Task instructions:
Please repeat the whole listing exactly, but leave the pictures out.

Information shown:
* * *

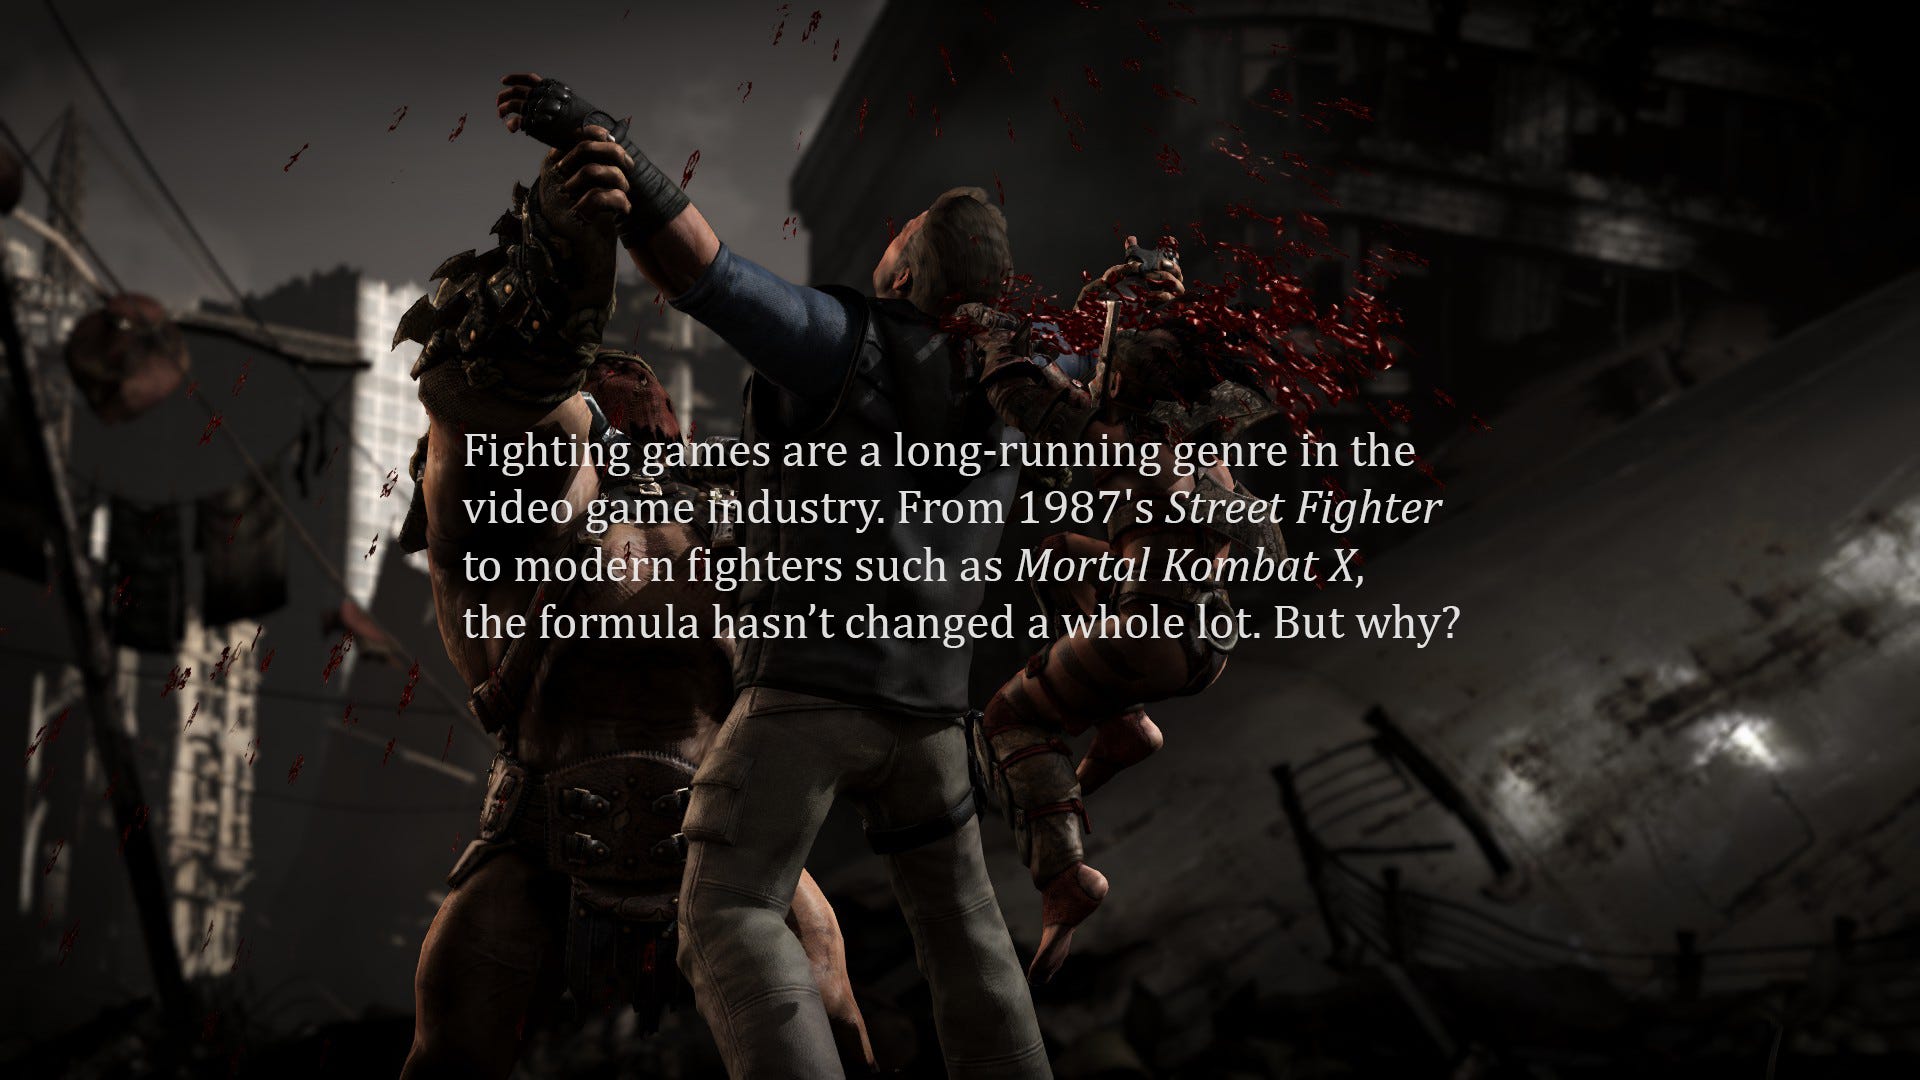 Mortal Kombat 1's lacking content draws negative comparisons to
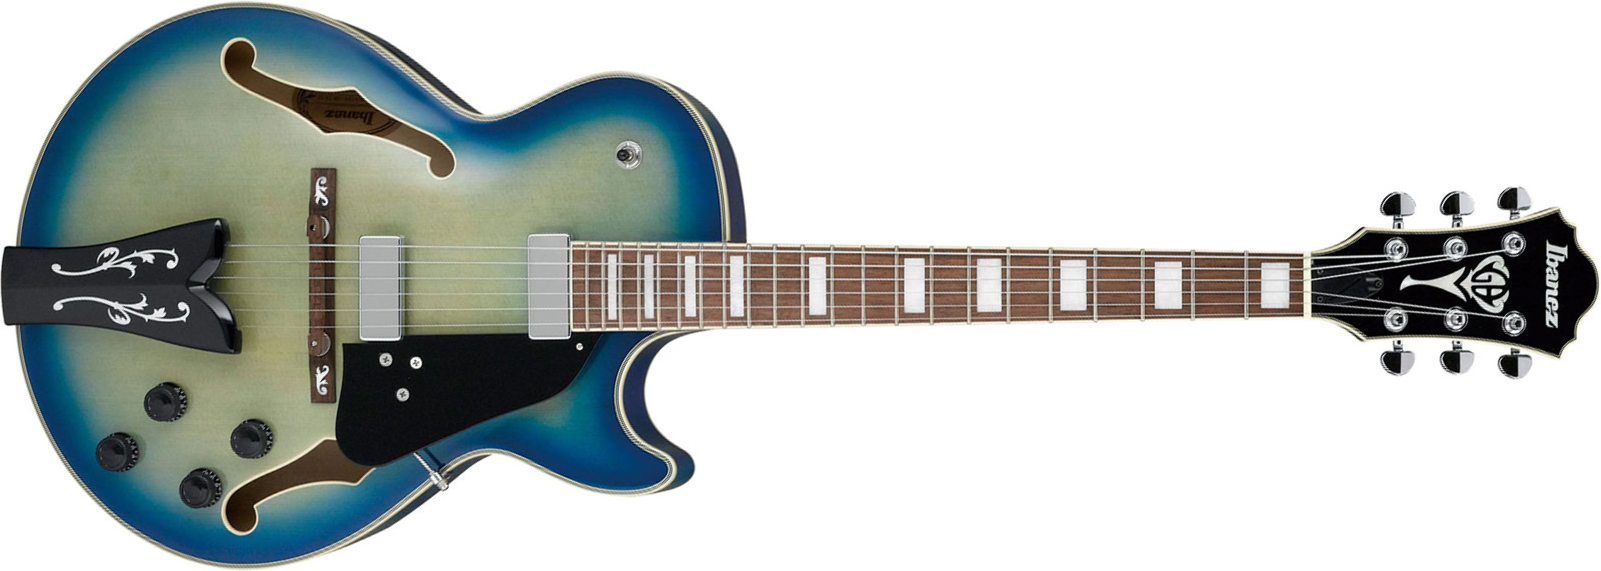 Ibanez George Benson Gb10em Jbb Signature Hh Ht Eb - Jet Blue Burst - Hollow-body electric guitar - Main picture
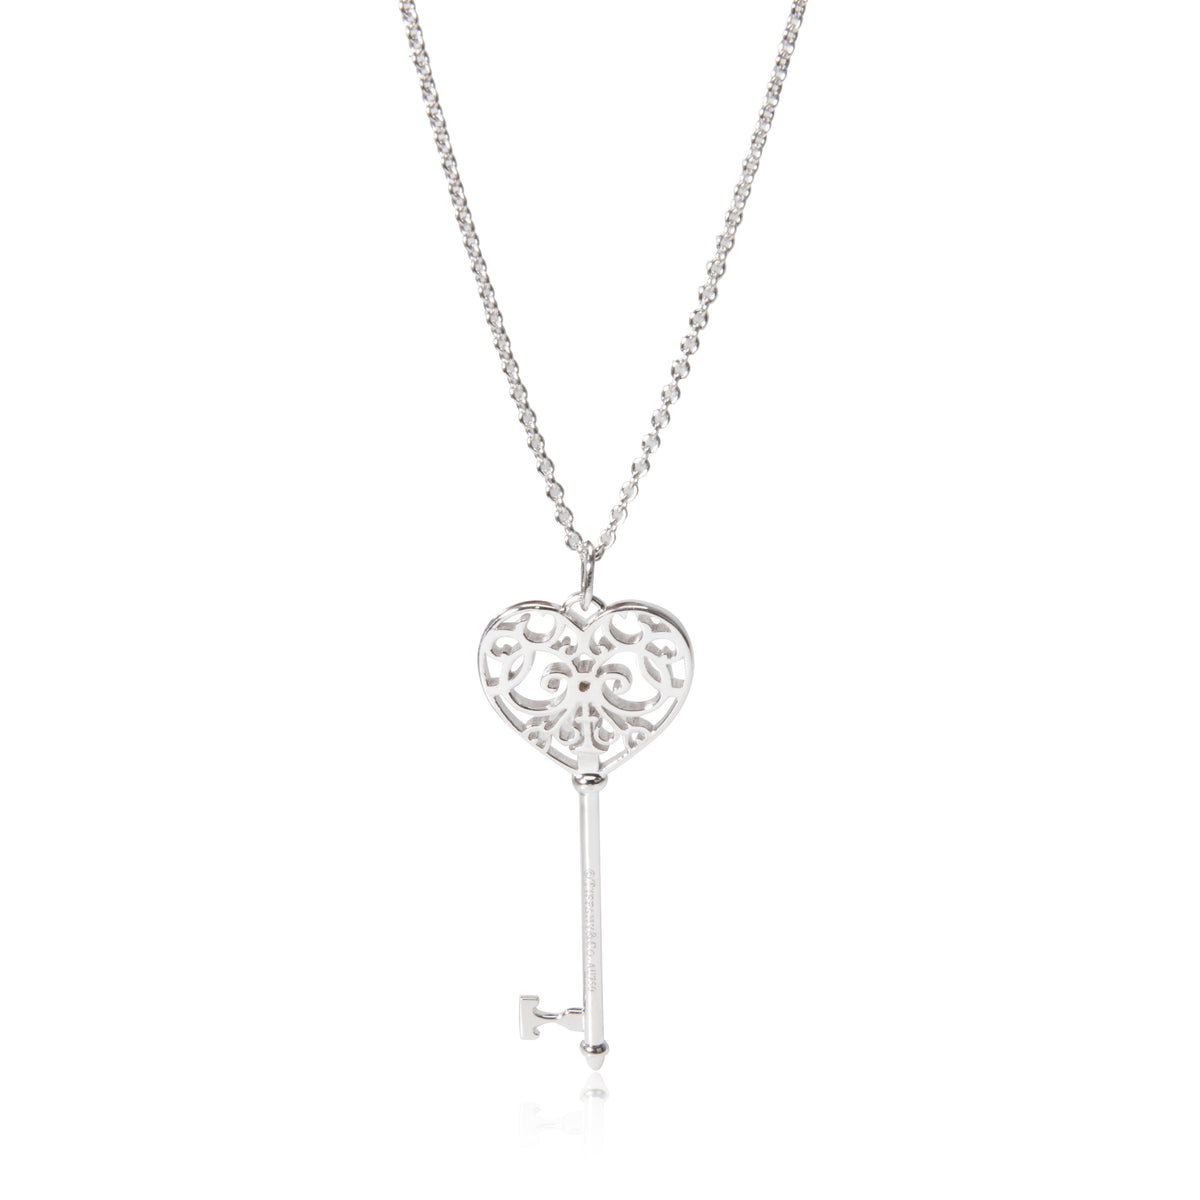 Tiffany & Co. Heart Keys Diamond Necklace in 18K White Gold 0.02 CTW

* * *

Answer:
 Mortal Kombat 1's lacking content draws negative comparisons to
 Ibanez George Benson Gb10em Jbb Signature Hh Ht Eb - Jet Blue Burst - Hollow-body electric guitar - Main picture
 Tiffany & Co. Heart Keys Diamond Necklace in 18K White Gold 0.02 CTW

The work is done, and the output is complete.